The property has a tiled roof and has three gables; the house as built was originally wider, with five rather the current three gables which were added in the 17th century, probably at the same time that the front of the house was remodelled; an extension was also added at the rear. This rebuilding may have been made in addition to the repairs after its partial damage caused by the Great Fire.

The property was divided into three separate houses sometime in the 19th century, and subsequently (sometime before 1886) reduced in width from 5 gables to the present 3 gables when part was demolished.

The house stayed in the Hazelrigg family until 1831. After this, the new owner let the property. In 1913 the Northamptonshire Ladies Club purchased the building to use as its meeting place, sharing it with the local Women's Institute branch as well as the Northamptonshire Architectural & Archaeological Society. In the early 1960s it was acquired by the national architects practice of Marshman Warren Taylor who remained there until the late 1970s. After this the building sat empty for most of the 1980s, by which time it had been acquired by Northampton Borough Council. In 1989 it was refurbished by its tenant, another firm of architects. In 1994 English Heritage became the tenant, staying until 2004; after this the property was occupied by a succession of children's nurseries.; the property was occupied by a theatre company until 2021. After the theatre company left the building remained unoccupied until Feb 2024.

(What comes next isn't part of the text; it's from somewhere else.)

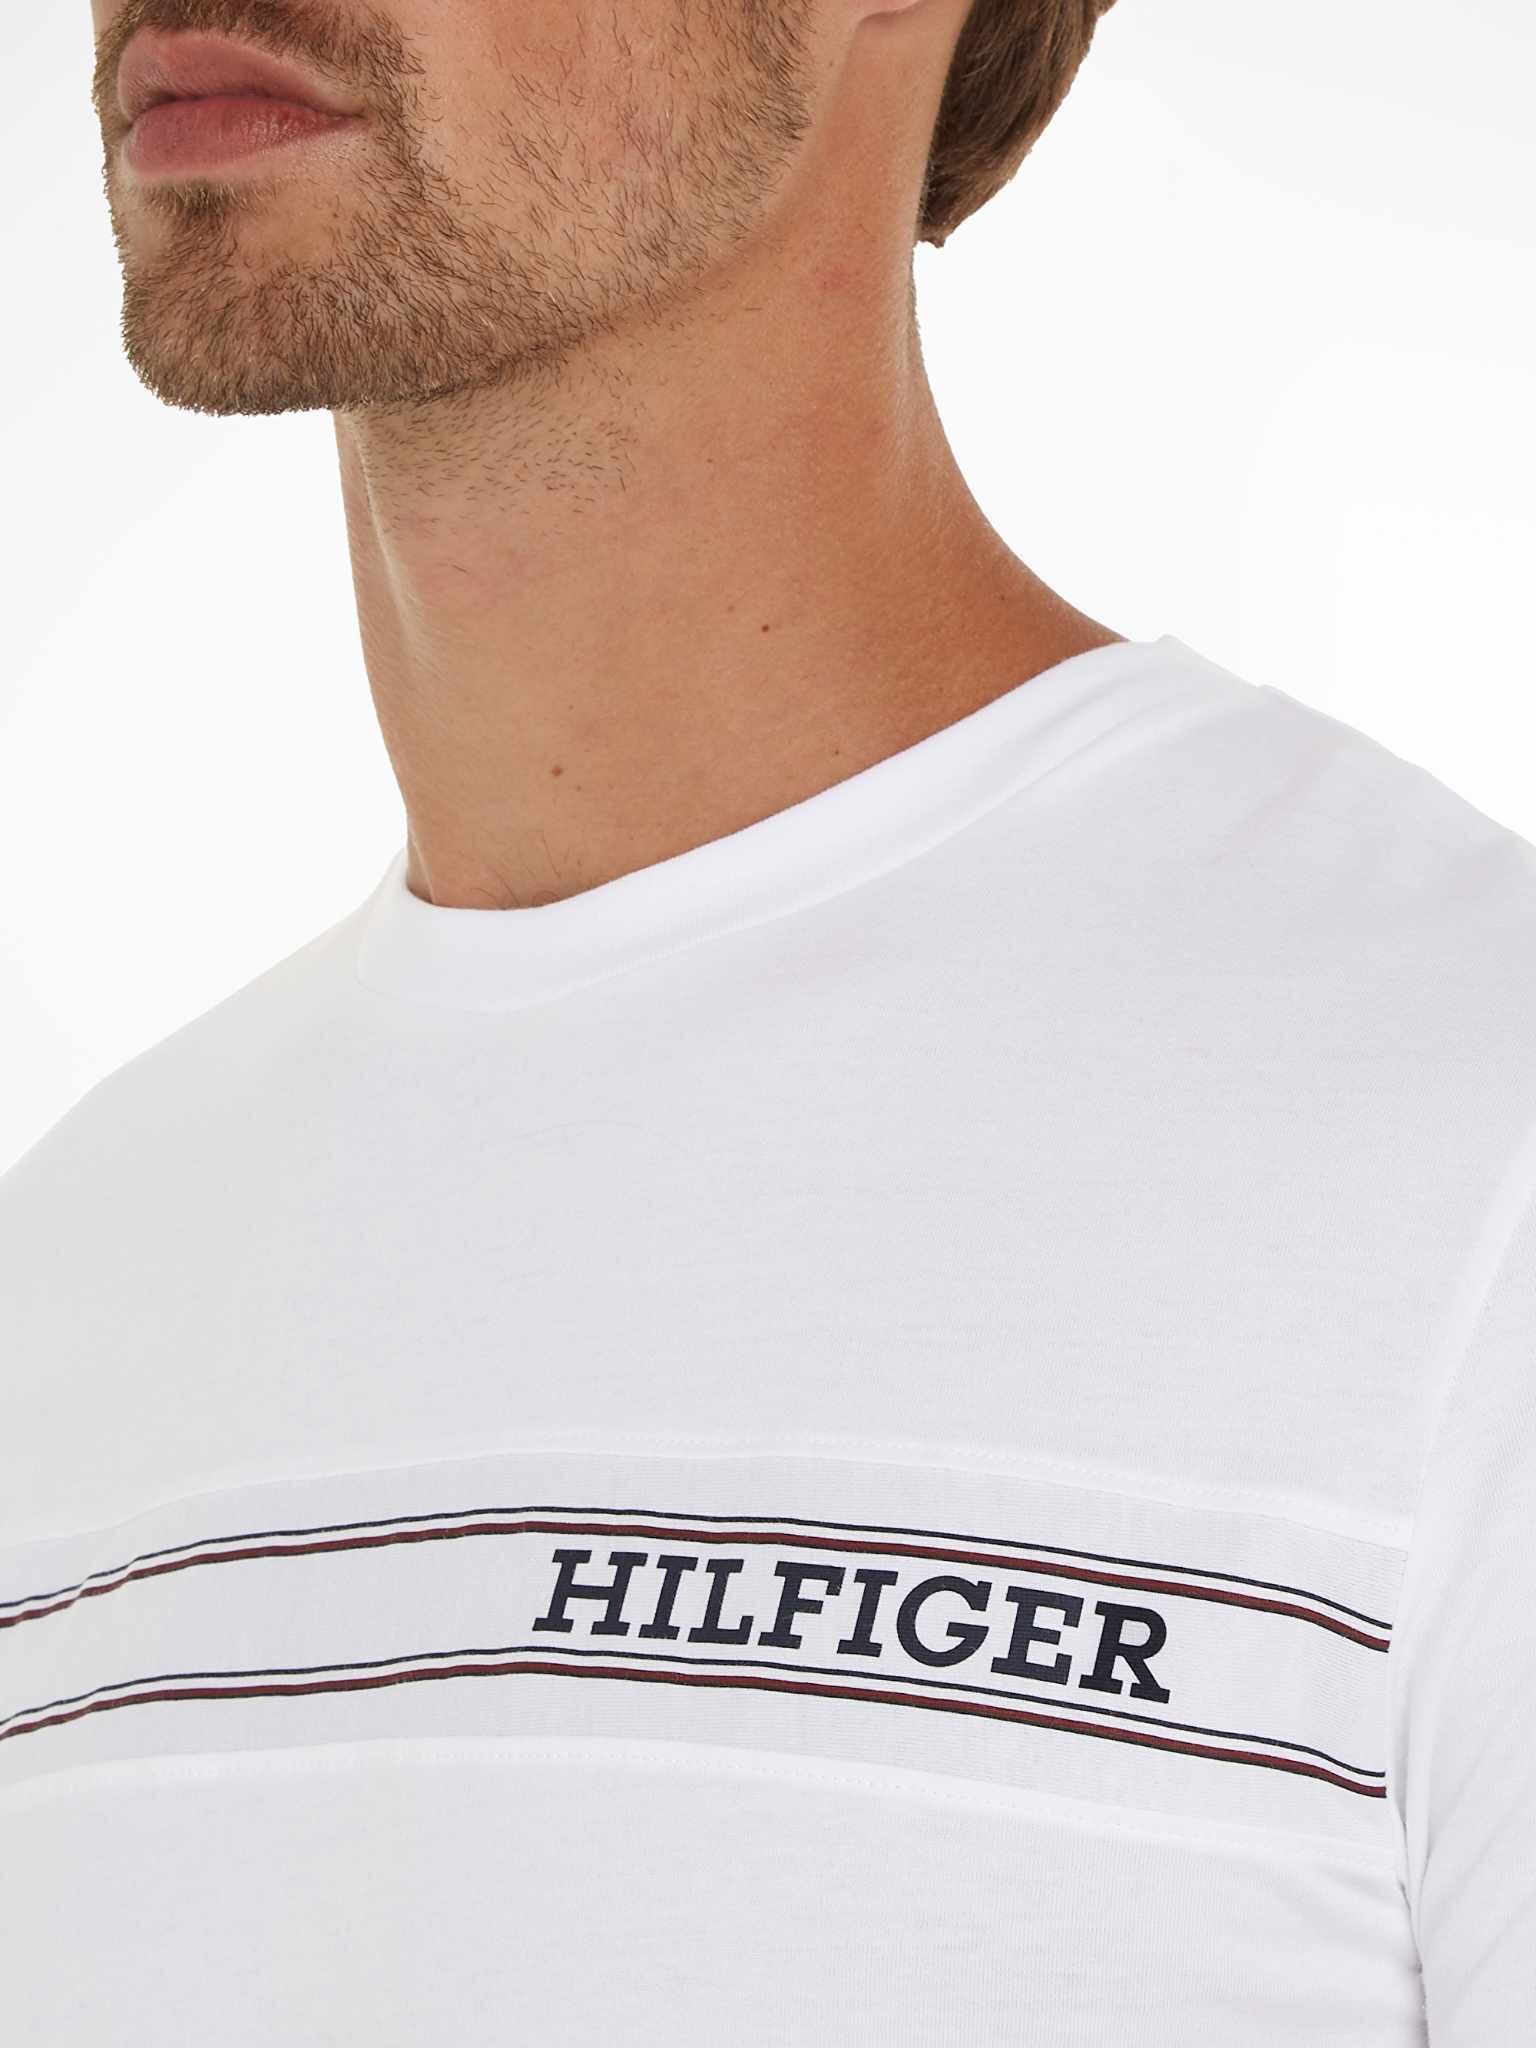 TOMMY HILFIGER tričko biele  UMOUM03196  YBR
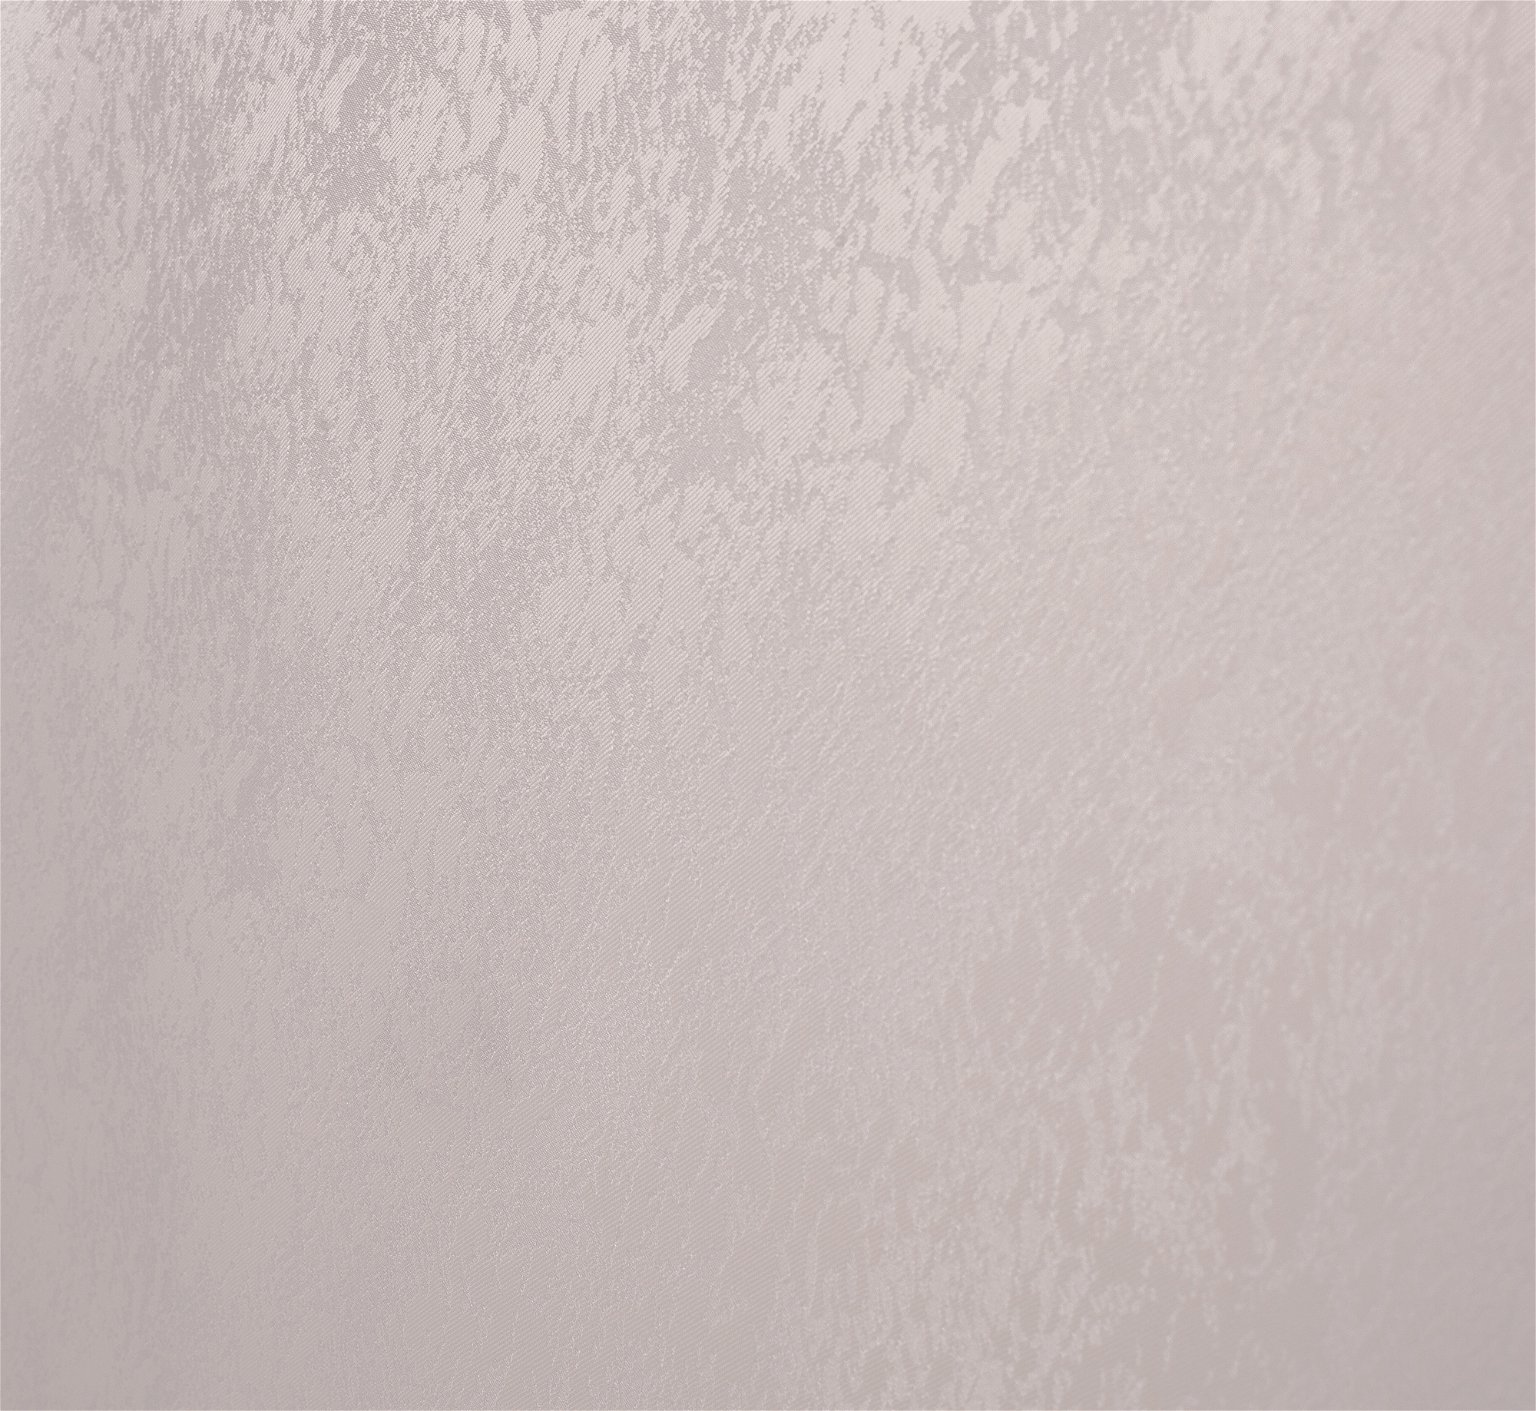 Klasikinė ritininė užuolaida LONDON, kreminės sp., 80 x 170 cm, 100 % poliesteris - 2

On the 19th Feb 2024, Square Feet Cowork, a local company offering coworking, meeting rooms and serviced office hire entered into a new 10 year lease with the landlord, West Northamptonshire Council. The new venue will open to the public in April 2024.

Pevsner describes the building thus: "Dates from 17th C. Altered later and reduced in size. Coursed rubble, three big dormers with semi-circular gables typical of the mid 17th C. Tall mullioned windows. Irregular fenestration. Doorway with flat classical surround. Staircase with twisted balusters. Probably later."